Infamous GOP operative Karl Rove, now a frequent Fox News contributor, has managed to release a few words downplaying Trump's plans — but only on his personal blog. Utah Sen. Mitt Romney's statement on the matter was so useless it completely failed to mention the main perpetrator of these spurious allegations: Trump. The Republican governor of Maryland, Larry Hogan, was a bit more forceful in his pushback — but Hogan has long been a Trump critic, and has said he cast a write-in vote for Ronald Reagan in this election. (Reagan is not technically eligible on at least two constitutional counts.) Just as they failed to push back on Trump when he falsely claimed voter fraud after actually winning the 2016 election, the "reasonable" Republicans will not save us now. 

The president's campaign has called for the counting of citizens' votes to halt, has encouraged his supporters to interfere with the counting of ballots — in the apparent hope that disturbances will help with his lawsuits — has solicited examples of supposed voter fraud from disreputable sources, like bottom-feeding lawyers looking for clients, and is openly pleading for the intervention of Justice Amy Coney Barrett, Trump's newly-installed Supreme Court nominee. on Fox News.

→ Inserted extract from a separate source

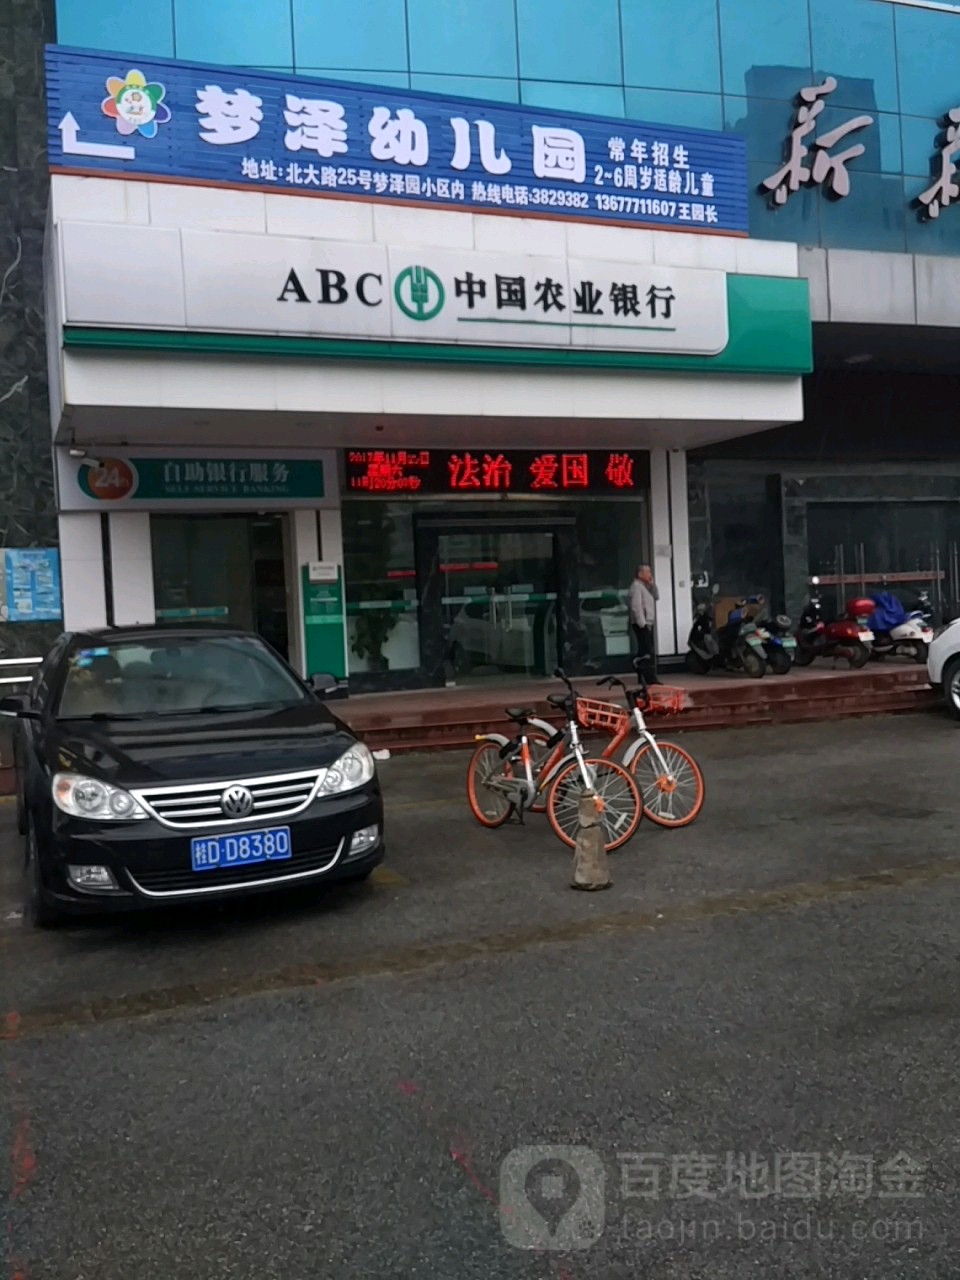 中國農業銀行24小時自助銀行服務(南寧北大支行)

Within just a few days, Team Trump has done everything short of unleashing right-wing con artists Jacob Wohl and Jack Burkman from their jail cells. Yet most Republicans in Congress are rushing to Trump's side.

The trifecta of Republican senators most likely to run in 2024 — Tom Cotton, Ted Cruz, and Josh Hawley — have amplified Trump's baseless claims loudest, even encouraging their supporters to donate to the president's legal defense fund. South Carolina Sen. Lindsey Graham, who easily fended off a Democratic challenger this week to win a new term, said he would personally donate $500,000 to Trump's effort. Telling Fox News' Sean Hannity that while he does "trust Arizona," where Trump is gaining in the vote count, Philadelphia elections are "crooked as a snake." Asked whether the Republican-dominated Pennsylvania legislature should appoint its own slate of Trump electors, Graham said, "I think everything should be on the table." 

Republican members of the House have joined protests at vote-counting sites in Arizona, complained about "shady ballot counting" in key states, and falsely suggested that votes are being counted in secret. The Republican majority leader of Pennsylvania's House is now blaming Democrats for the commonwealth's failure to have a final count of mail-in ballots on Election Day — but it was his legislative body that blocked Democratic efforts to allow counting to begin early. 

This election was supposed to be a drag on down-ballot Republicans. Not so much. Just as in 2016, Trump turned out to be a boon, not a burden, to the GOP. It was only in 2018, when Trump wasn't on the ballot, that the party faced a modicum of accountability. Republicans have apparently learned their lesson. As they've also demonstrated with the COVID pandemic, Republicans are more than willing to sacrifice truth, democracy and their own long-term political viability to make their political opponents suffer in the near term.